Alt komşumuz bir torun sahibi olunca anladı ki, çocuklar öyle otur deyince oturmuyorlar. Hele bir de erkek çocuksa. Ya iki erkek çocuk- ki onlarla başa çıkmanın zorluğunu ancak anne babalar bilir- o zaman insan derviş sabrını öğreniyor. Üst komşumuz ise kızı evlenip evden ayrılıp, bizim çocuklar da büyüyüp evden çıkmaz olunca “ apartman ne kadar da sessiz olmaya başladı demez mi” geçenlerde!

Yasakların nedeni arabalarının çizilmeleriymiş. Ayda yılda, okul tatil veya hava güzelse bahçede oynamaya çalışan çocuklar arabaları çizerlermiş. Allah korusun!Arabalara top çarparsa nice olur arabaların hali değil mi?! 


Oysa benim arabam komşular tarafından çok çizildi. Hatta bir tanesi bahçeye arabası ile girince park yapmaya girerken duran arabama çarptı. Kendisi “ödeyeceğim” demesine rağmen, daha sonra “ben çarpmış olamam bir başkası yapmış olabilir” deyip yan çizmişti. Başka bir komşum da yine parka girerken benim arabaya sürtmüş ve buna rağmen gelip bize söylememeyi tercih etmişti Camdan olayı gören eşim komşunun bize gelip durumu anlatmasına bir türlü anlam veremediyse. Olsun onlar büyük ne yaparlarsa yapsınlar çocuklar kadar tehlikeli olamazlar değil mi ama…

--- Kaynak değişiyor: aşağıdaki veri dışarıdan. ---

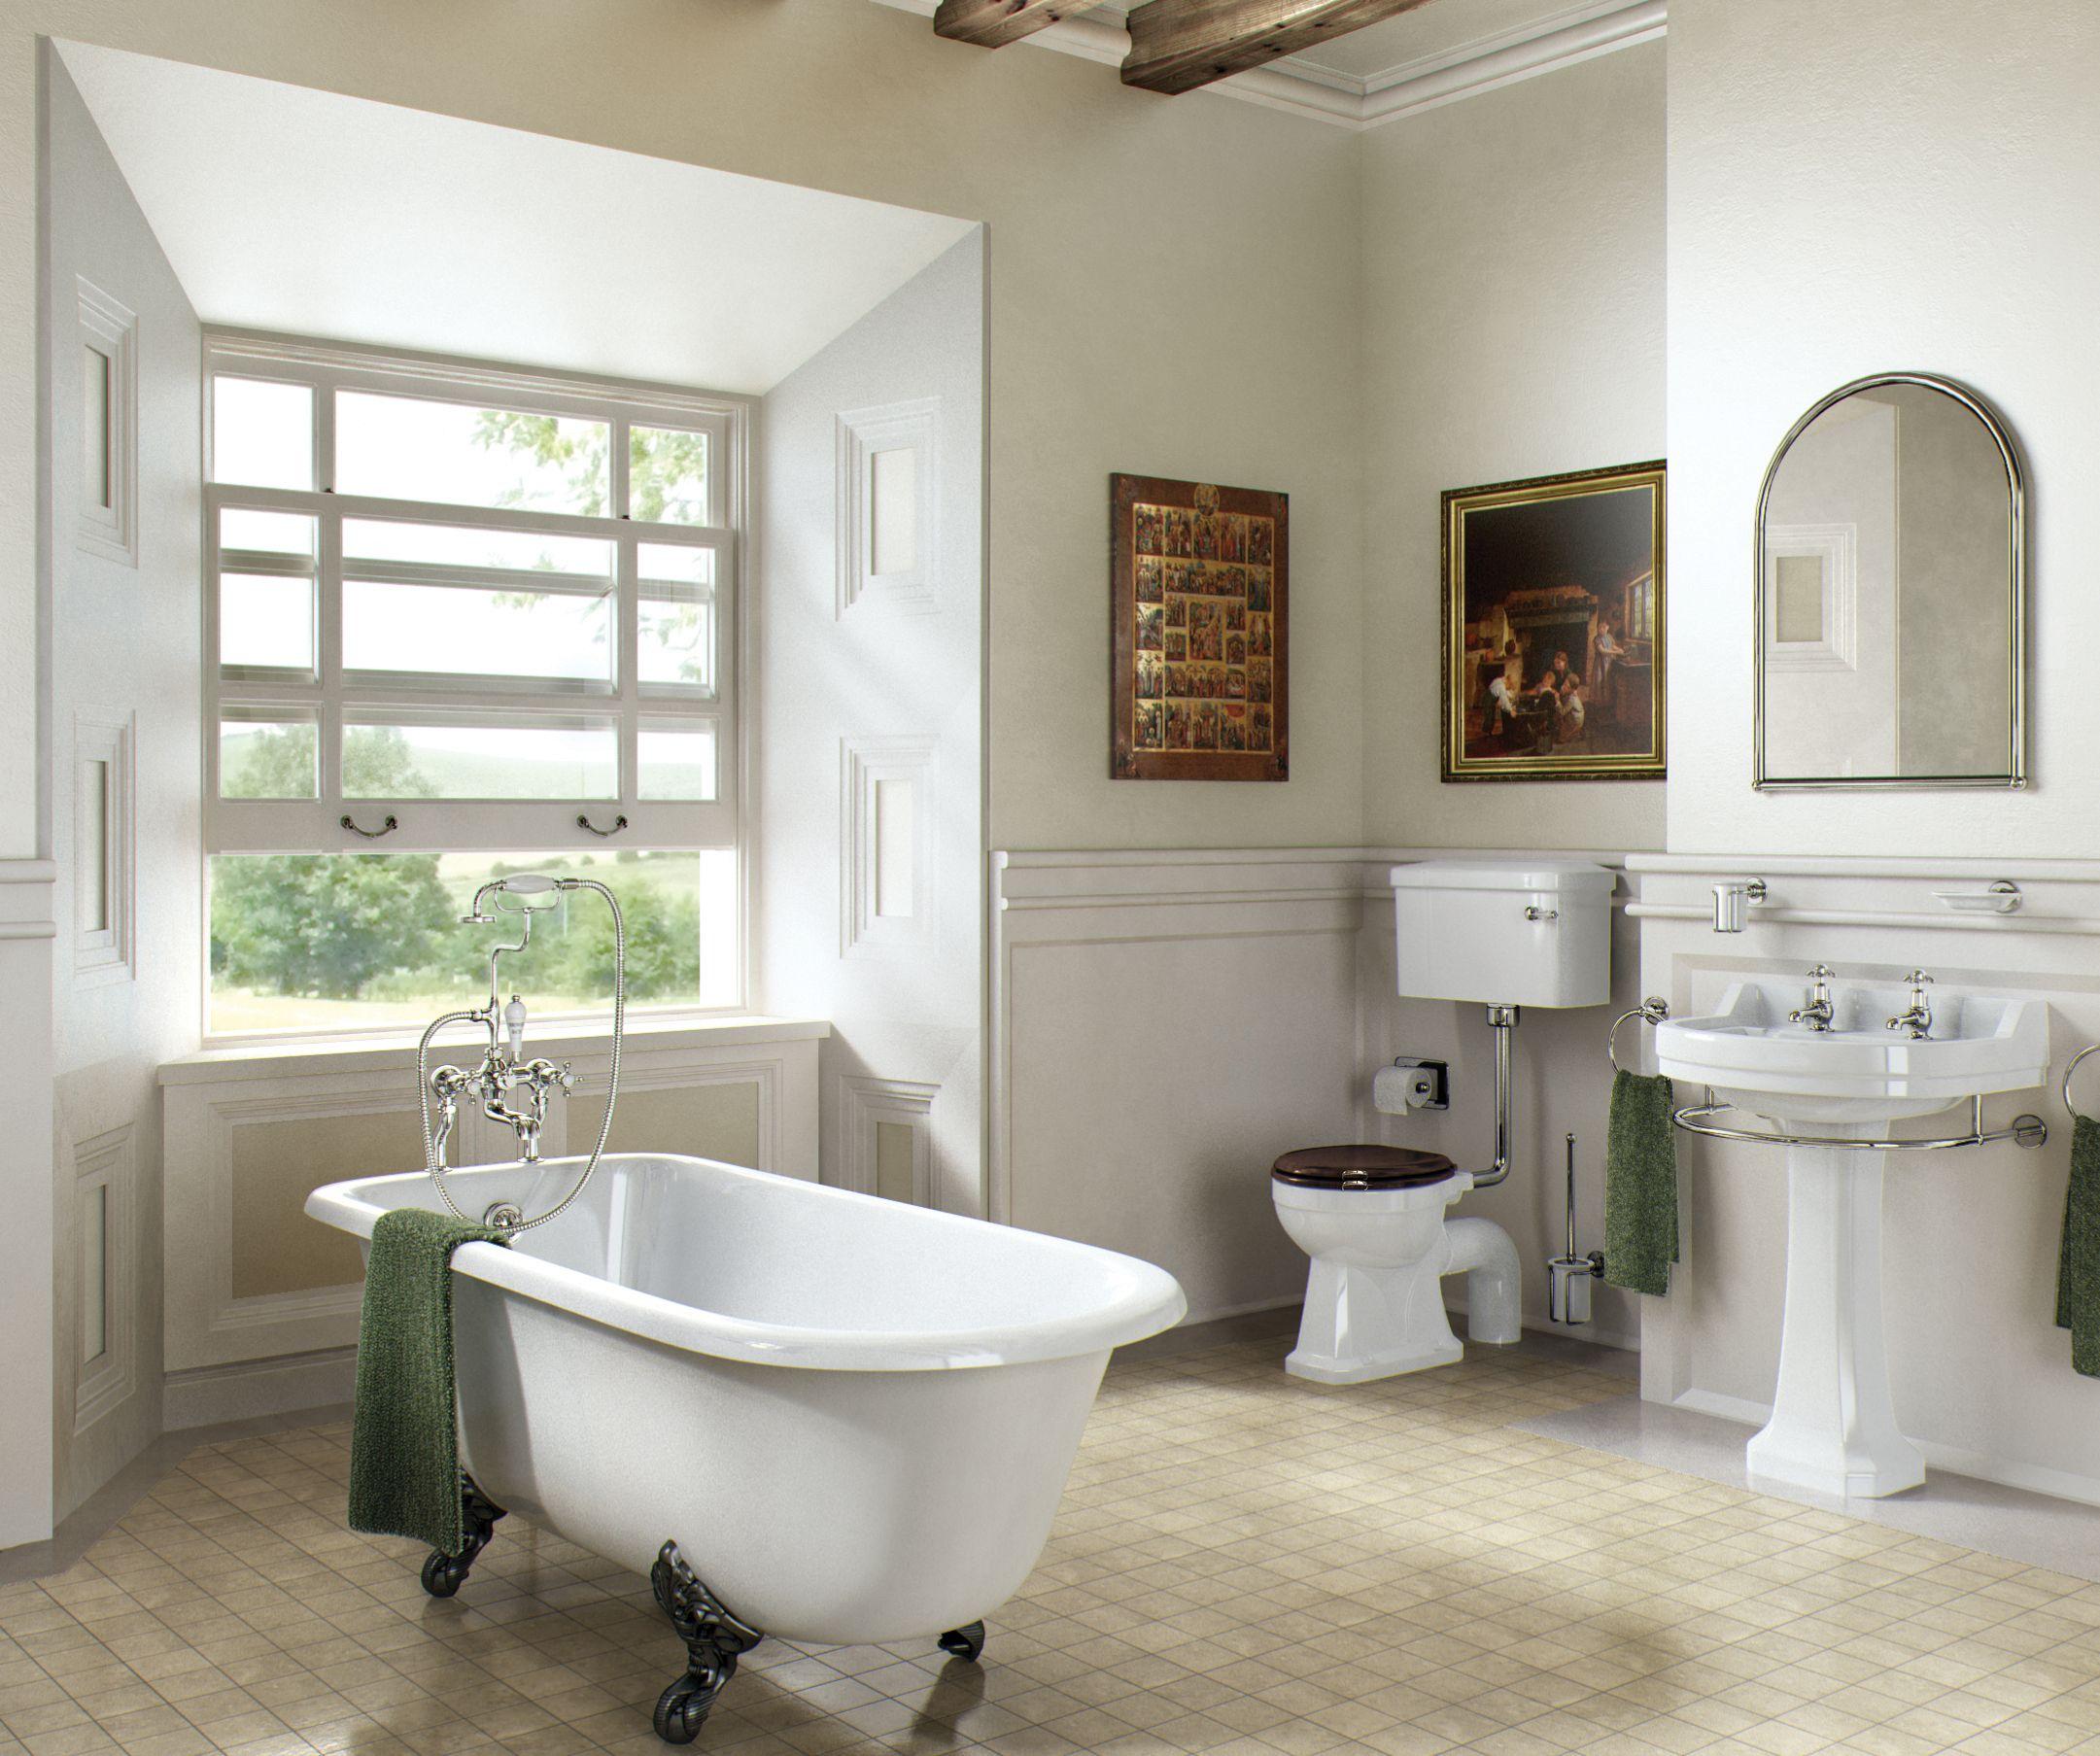 Edwardian Bathroom Design New in House Designerraleigh kitchen

İstanbul’un her tarafı yeşil alan, park, spor tesisleri ile dolup taşıyor ya! Anne babalar üşeniyor oralara gitmeye ve komşularına işkence etmek için çocuklarını bahçeye gönderiyorlar...

Arabalar yer bulur apartmanlarda ve yaya kaldırımlarında. Okul bahçeleri araba parkı olarak işletilir. Bahçeler, arsalar, araba parkına dönüştürülür ama çocuklar yok sayılır; bir oyun yeri bile esirgenir onlardan…

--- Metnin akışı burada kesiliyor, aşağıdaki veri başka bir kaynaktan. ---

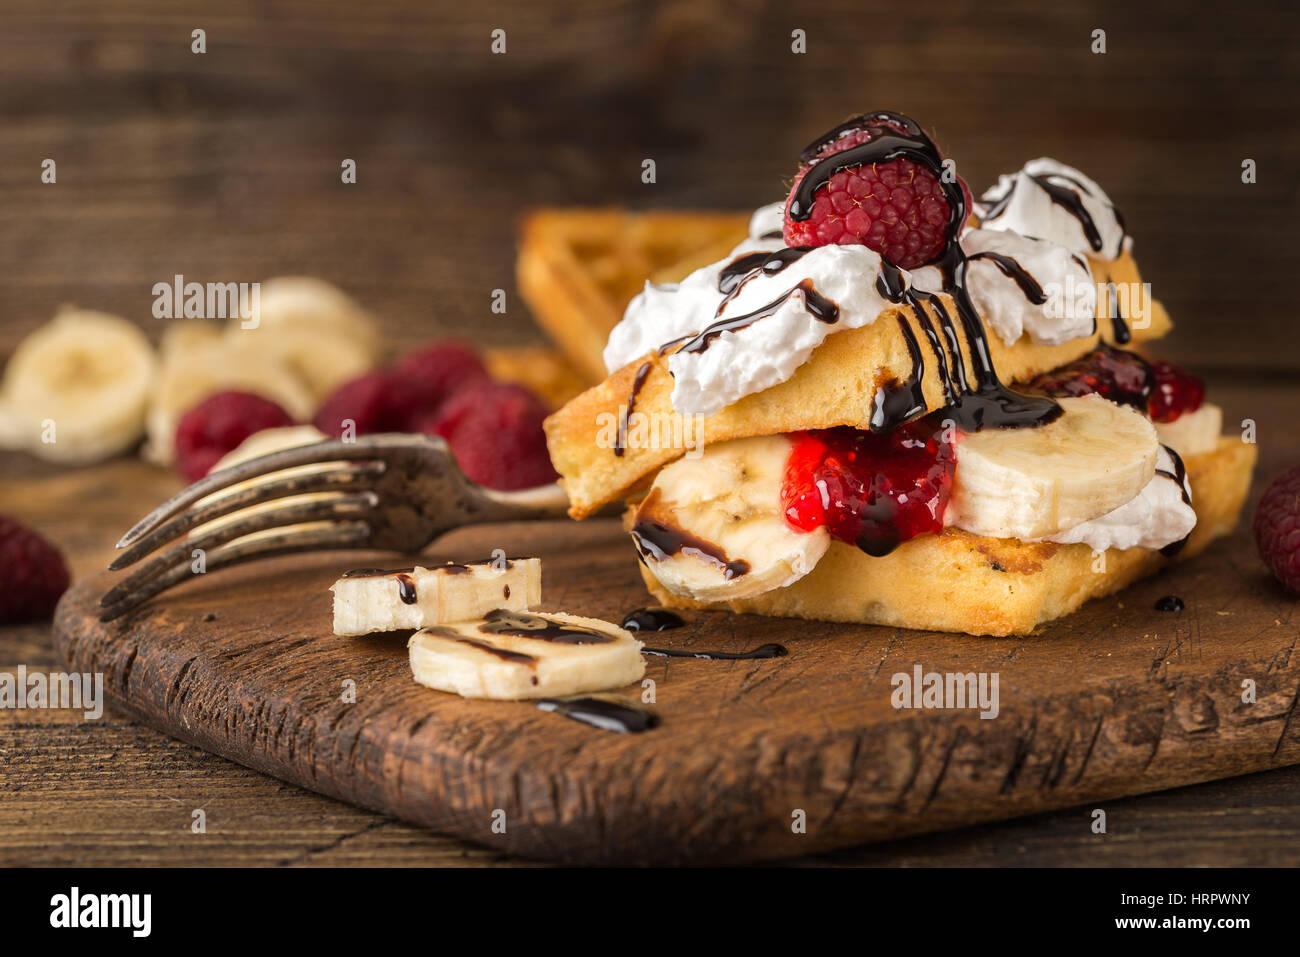 Belgische Waffeln mit Himbeeren, Bananen und Sahne auf rustikalen Tisch. Stockbild

Okumuş, adam olmuş ve hiçbir zaman “çocuk olamamış” büyükler çocukların hayatlarını yönetmeye kalkarlar oturdukları fildişi kulelerinden. Sonrada “dikkat eksikliği, ver hap, yaramaz, ver hap, hiperaktif, ver hap.” 

Sokağa terk edilenler ise başka bir hikaye…

Asıl “hapı yutup” kendileri biraz uyanıp, hareketlenmeleri gerekirken…

Her işin başının “sevgi” olduğu unutulup gitmiş mi ne?..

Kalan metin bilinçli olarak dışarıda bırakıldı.